Clinical safety, tolerability and efficacy of combination tolterodine/pilocarpine in patients with overactive bladder

Affiliations
Randomized Controlled Trial

Clinical safety, tolerability and efficacy of combination tolterodine/pilocarpine in patients with overactive bladder

R R Dmochowski et al. Int J Clin Pract. 2014 Aug.

Abstract

Aims: The purpose of this study was to assess the safety, tolerability and impact on overactive bladder (OAB) symptoms of a novel combination of tolterodine immediate-release (IR) 2 mg and delayed-release pilocarpine 9 mg in patients with OAB.
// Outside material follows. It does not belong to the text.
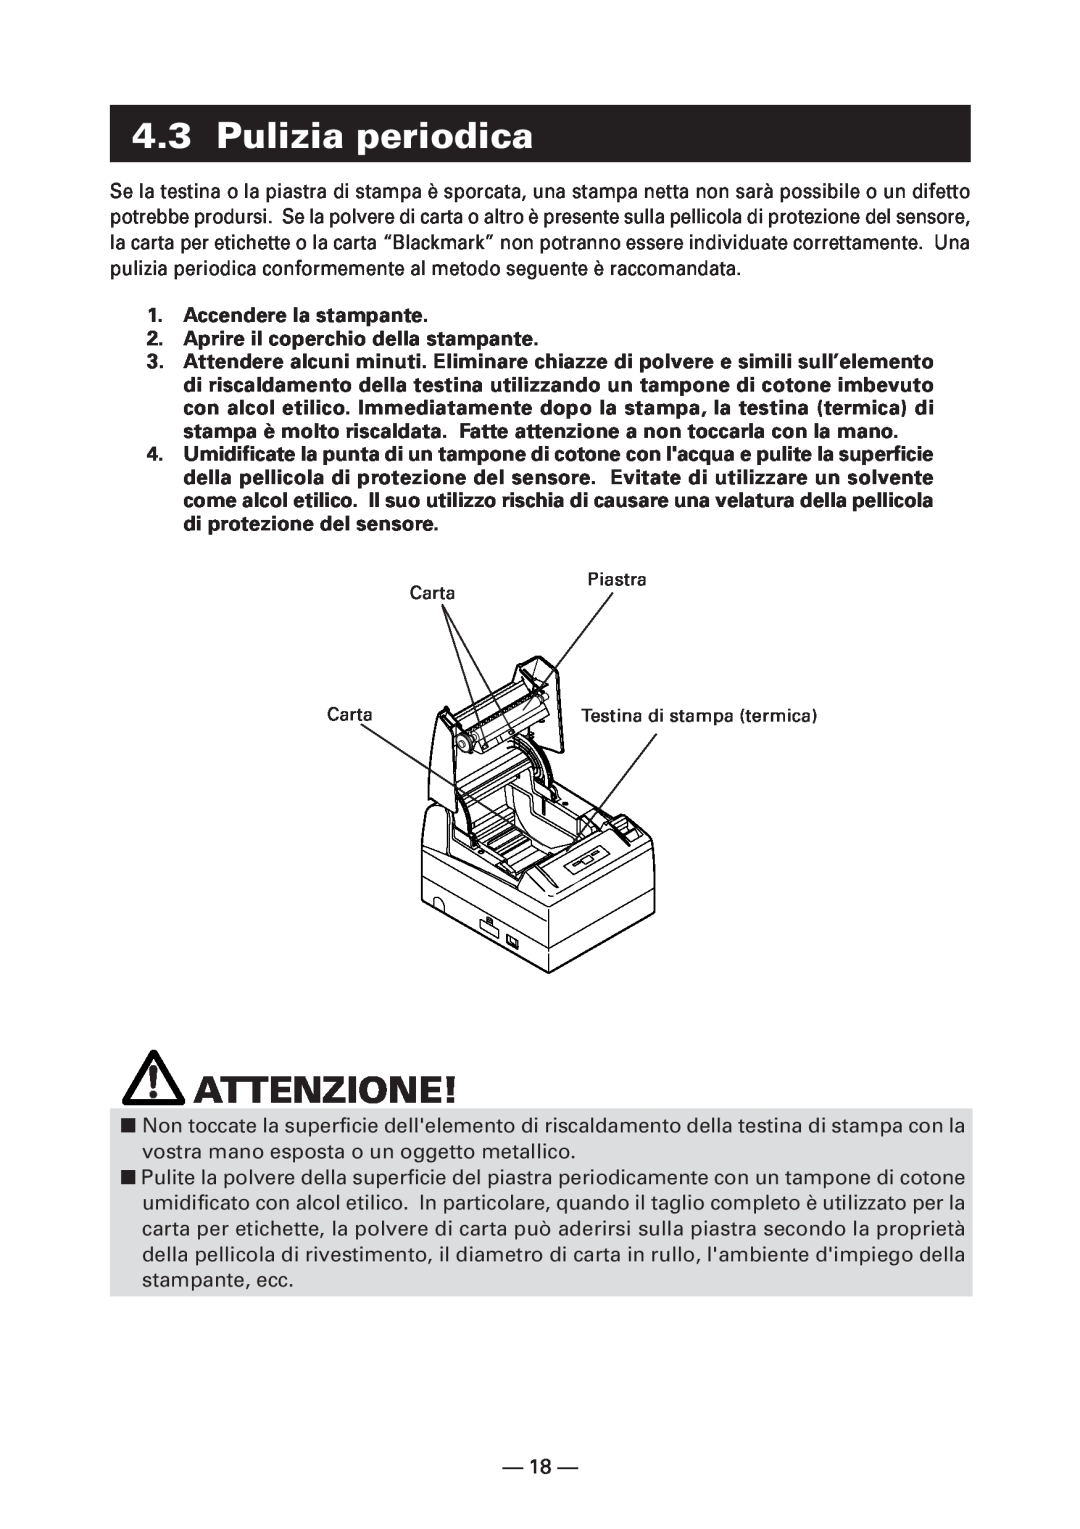 Citizen Systems CT-S4000L Pulizia periodica, Accendere la stampante 2. Aprire il coperchio della stampante, Attenzione

Methods: Eligible patients with OAB were randomised to each of three treatments [tolterodine/pilocarpine (2/9 mg), tolterodine IR 2 mg or placebo] twice daily for 4 weeks in a double-blind, crossover fashion. At the end of the 12-week, double-blind treatment period, patients could enter an open-label extension during which they were re-randomised to either tolterodine/pilocarpine (3/13.5 mg) twice daily or tolterodine extended-release 4 mg once daily for 12 weeks.

Results: A total of 138 patients were randomised to double-blind medication. Both tolterodine/pilocarpine (2/9) and tolterodine IR 2 mg significantly reduced incontinence episodes and daily micturitions (p < 0.001 vs. placebo), with similar reductions in symptoms observed between active treatment groups. Tolterodine/pilocarpine (2/9) was associated with consistently lower Visual Analogue Scale (VAS) scores for all dry mouth parameters compared with tolterodine alone. Salivary flow over a 3 h period remained fairly constant after tolterodine/pilocarpine (2/9) administration, similar to placebo, but decreased markedly after administration of tolterodine alone. In the extension study, patients receiving tolterodine/pilocarpine (3/13.5) reported comparable dry mouth VAS scores to tolterodine extended-release alone without additional side effects or loss of efficacy. The combination was well tolerated, and the adverse effects observed were consistent with the known safety profiles of tolterodine and pilocarpine.

Conclusions: A combination of tolterodine/pilocarpine (2/9) effectively reduced the incidence of dry mouth compared with tolterodine IR alone while maintaining treatment efficacy in OAB.